The expected output is every entry, repeated exactly.

BEGIN Extracted entries

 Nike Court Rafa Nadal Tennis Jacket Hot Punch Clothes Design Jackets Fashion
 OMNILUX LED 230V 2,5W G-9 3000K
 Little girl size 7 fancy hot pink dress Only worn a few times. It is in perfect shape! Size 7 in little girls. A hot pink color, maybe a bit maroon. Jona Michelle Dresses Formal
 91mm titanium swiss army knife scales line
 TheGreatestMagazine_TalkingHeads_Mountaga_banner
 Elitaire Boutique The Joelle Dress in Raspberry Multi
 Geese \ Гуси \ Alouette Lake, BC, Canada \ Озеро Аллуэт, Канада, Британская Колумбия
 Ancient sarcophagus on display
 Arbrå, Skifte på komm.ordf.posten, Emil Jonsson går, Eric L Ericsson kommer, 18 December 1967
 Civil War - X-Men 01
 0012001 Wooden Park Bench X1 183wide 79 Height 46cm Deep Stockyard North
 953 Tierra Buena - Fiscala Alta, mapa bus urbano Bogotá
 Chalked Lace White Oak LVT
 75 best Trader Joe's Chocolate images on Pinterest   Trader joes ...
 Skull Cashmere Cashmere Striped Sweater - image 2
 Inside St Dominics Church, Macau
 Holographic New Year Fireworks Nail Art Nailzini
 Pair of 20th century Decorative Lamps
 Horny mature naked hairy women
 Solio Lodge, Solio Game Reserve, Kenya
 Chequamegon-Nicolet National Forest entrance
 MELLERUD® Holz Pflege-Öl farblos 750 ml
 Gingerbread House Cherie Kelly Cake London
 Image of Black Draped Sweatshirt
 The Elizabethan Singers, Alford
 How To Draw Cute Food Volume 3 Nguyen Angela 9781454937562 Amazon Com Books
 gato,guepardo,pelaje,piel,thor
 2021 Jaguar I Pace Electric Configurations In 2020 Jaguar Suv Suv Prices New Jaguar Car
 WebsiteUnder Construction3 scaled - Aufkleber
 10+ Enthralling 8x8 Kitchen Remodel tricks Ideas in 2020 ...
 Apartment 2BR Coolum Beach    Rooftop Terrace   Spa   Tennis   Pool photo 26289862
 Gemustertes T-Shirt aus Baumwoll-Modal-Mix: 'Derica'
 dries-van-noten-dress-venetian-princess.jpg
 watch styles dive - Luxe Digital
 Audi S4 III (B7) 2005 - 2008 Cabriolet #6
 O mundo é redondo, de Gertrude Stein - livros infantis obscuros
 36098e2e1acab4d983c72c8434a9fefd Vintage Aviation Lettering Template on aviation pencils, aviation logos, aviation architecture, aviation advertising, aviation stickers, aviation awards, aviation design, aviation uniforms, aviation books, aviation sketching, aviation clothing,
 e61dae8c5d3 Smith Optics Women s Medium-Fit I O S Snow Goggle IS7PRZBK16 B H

END Extracted entries

◆ **Answer to the exercise**
 Nike Court Rafa Nadal Tennis Jacket Hot Punch Clothes Design Jackets Fashion
 OMNILUX LED 230V 2,5W G-9 3000K
 Little girl size 7 fancy hot pink dress Only worn a few times. It is in perfect shape! Size 7 in little girls. A hot pink color, maybe a bit maroon. Jona Michelle Dresses Formal
 91mm titanium swiss army knife scales line
 TheGreatestMagazine_TalkingHeads_Mountaga_banner
 Elitaire Boutique The Joelle Dress in Raspberry Multi
 Geese \ Гуси \ Alouette Lake, BC, Canada \ Озеро Аллуэт, Канада, Британская Колумбия
 Ancient sarcophagus on display
 Arbrå, Skifte på komm.ordf.posten, Emil Jonsson går, Eric L Ericsson kommer, 18 December 1967
 Civil War - X-Men 01
 0012001 Wooden Park Bench X1 183wide 79 Height 46cm Deep Stockyard North
 953 Tierra Buena - Fiscala Alta, mapa bus urbano Bogotá
 Chalked Lace White Oak LVT
 75 best Trader Joe's Chocolate images on Pinterest   Trader joes ...
 Skull Cashmere Cashmere Striped Sweater - image 2
 Inside St Dominics Church, Macau
 Holographic New Year Fireworks Nail Art Nailzini
 Pair of 20th century Decorative Lamps
 Horny mature naked hairy women
 Solio Lodge, Solio Game Reserve, Kenya
 Chequamegon-Nicolet National Forest entrance
 MELLERUD® Holz Pflege-Öl farblos 750 ml
 Gingerbread House Cherie Kelly Cake London
 Image of Black Draped Sweatshirt
 The Elizabethan Singers, Alford
 How To Draw Cute Food Volume 3 Nguyen Angela 9781454937562 Amazon Com Books
 gato,guepardo,pelaje,piel,thor
 2021 Jaguar I Pace Electric Configurations In 2020 Jaguar Suv Suv Prices New Jaguar Car
 WebsiteUnder Construction3 scaled - Aufkleber
 10+ Enthralling 8x8 Kitchen Remodel tricks Ideas in 2020 ...
 Apartment 2BR Coolum Beach    Rooftop Terrace   Spa   Tennis   Pool photo 26289862
 Gemustertes T-Shirt aus Baumwoll-Modal-Mix: 'Derica'
 dries-van-noten-dress-venetian-princess.jpg
 watch styles dive - Luxe Digital
 Audi S4 III (B7) 2005 - 2008 Cabriolet #6
 O mundo é redondo, de Gertrude Stein - livros infantis obscuros
 36098e2e1acab4d983c72c8434a9fefd Vintage Aviation Lettering Template on aviation pencils, aviation logos, aviation architecture, aviation advertising, aviation stickers, aviation awards, aviation design, aviation uniforms, aviation books, aviation sketching, aviation clothing,
 e61dae8c5d3 Smith Optics Women s Medium-Fit I O S Snow Goggle IS7PRZBK16 B H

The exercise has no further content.